Where does the money come from? Property tax provides 0 percent of city revenue, sales tax 1 percent, intergovernmental transfers from federal and state sources 4 percent, and direct charges and user fees 17 percent. The remainder comes from utility revenue, income tax (where applicable), and miscellaneous sources.

Debt Burden in Context

Debt-wise, Aurora runs above the peer-group median: $4,017 per resident versus $445 for similar-size cities. That gap, 803%, may reflect a recent bond issuance, large capital project, or simply a more-debt-funded approach to infrastructure.

How This Score Is Calculated

The CitySpend Fiscal Health Score combines six factors into one composite, drawn from the U.S. Census Bureau Annual Survey of State and Local Government Finances: budget balance and reserves (25%), debt burden per capita versus peer median (20%), pension funded ratio from the Public Plans Database (20%), spending efficiency (15%), revenue diversity (10%), and three-year trend direction (10%).

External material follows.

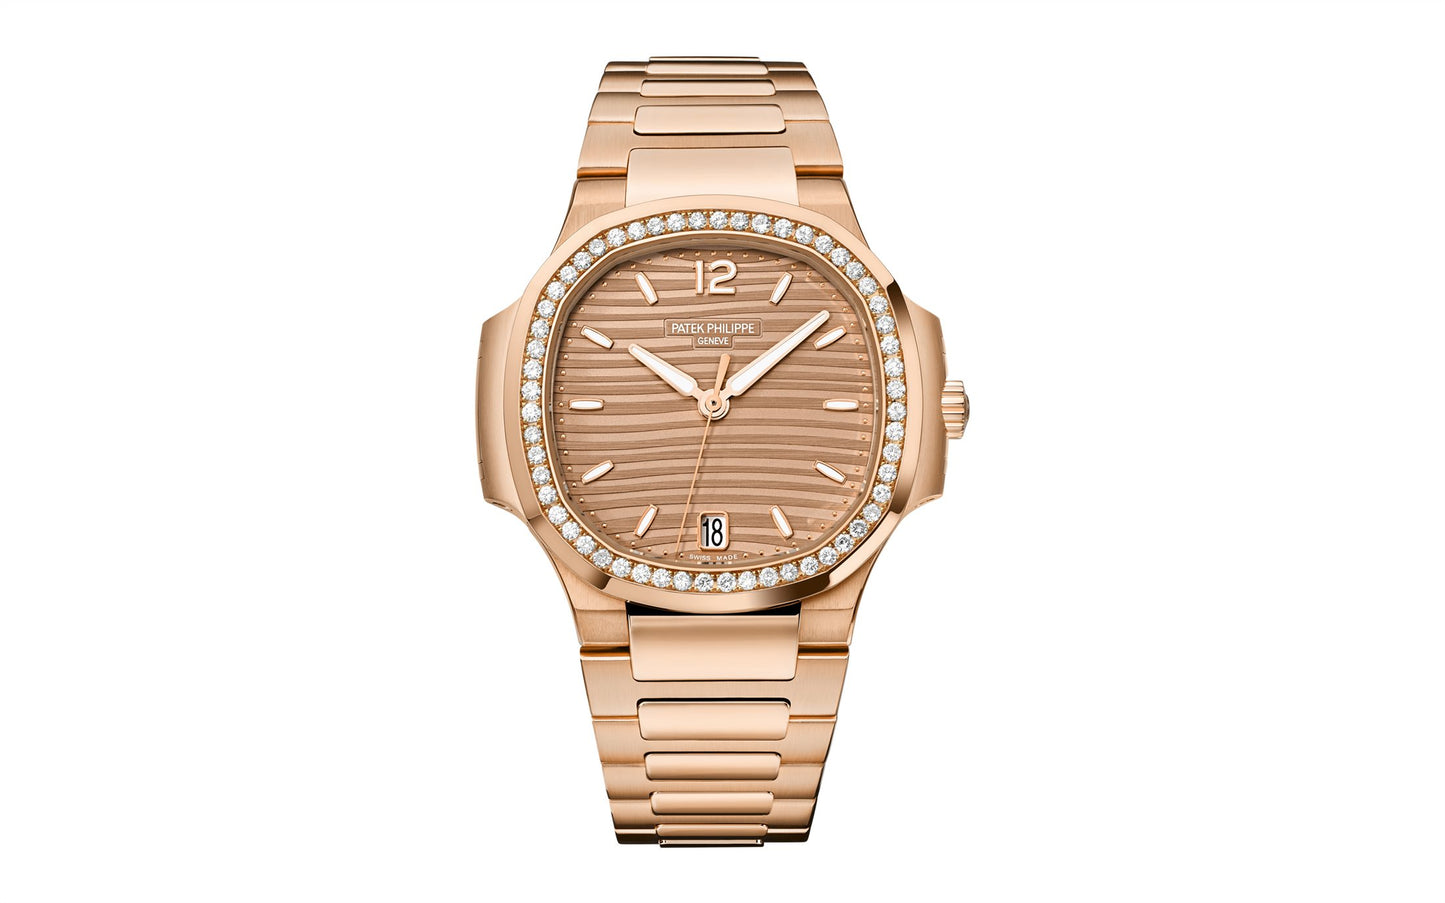 Patek Philippe Nautilus Ladies Automatic Watch, 18k Rose Gold and Diamonds, 35,2mm, Ref# 7118/1200R-010, 1

Best-practice weighting follows guidance from the Government Finance Officers Association (GFOA). Read the full methodology.

Aurora, CO spends $17,400 per resident on city services, $6.7B in total. Per the U.S. Census Bureau Annual Survey of State and Local Government Finances, the largest per-capita line items are Parks & Recreation ($1,299), Fire Protection ($785), Health ($185). CitySpend's Fiscal Health Score for Aurora is B (66/100), a solid reading versus its 89 peer cities.

The data source behind this answer is the Census Annual Survey of State and Local Government Finances. Every figure on the page traces back to that source; the methodology page describes the inputs and the refresh cadence in full detail.

A practical caveat: the headline answer above reflects the most recent the Census Annual Survey of State and Local Government Finances vintage; underlying data is often revised for months after first publication, and the right reference for any specific decision is whichever vintage is current at the time of the decision. The as-of date is stamped on every page.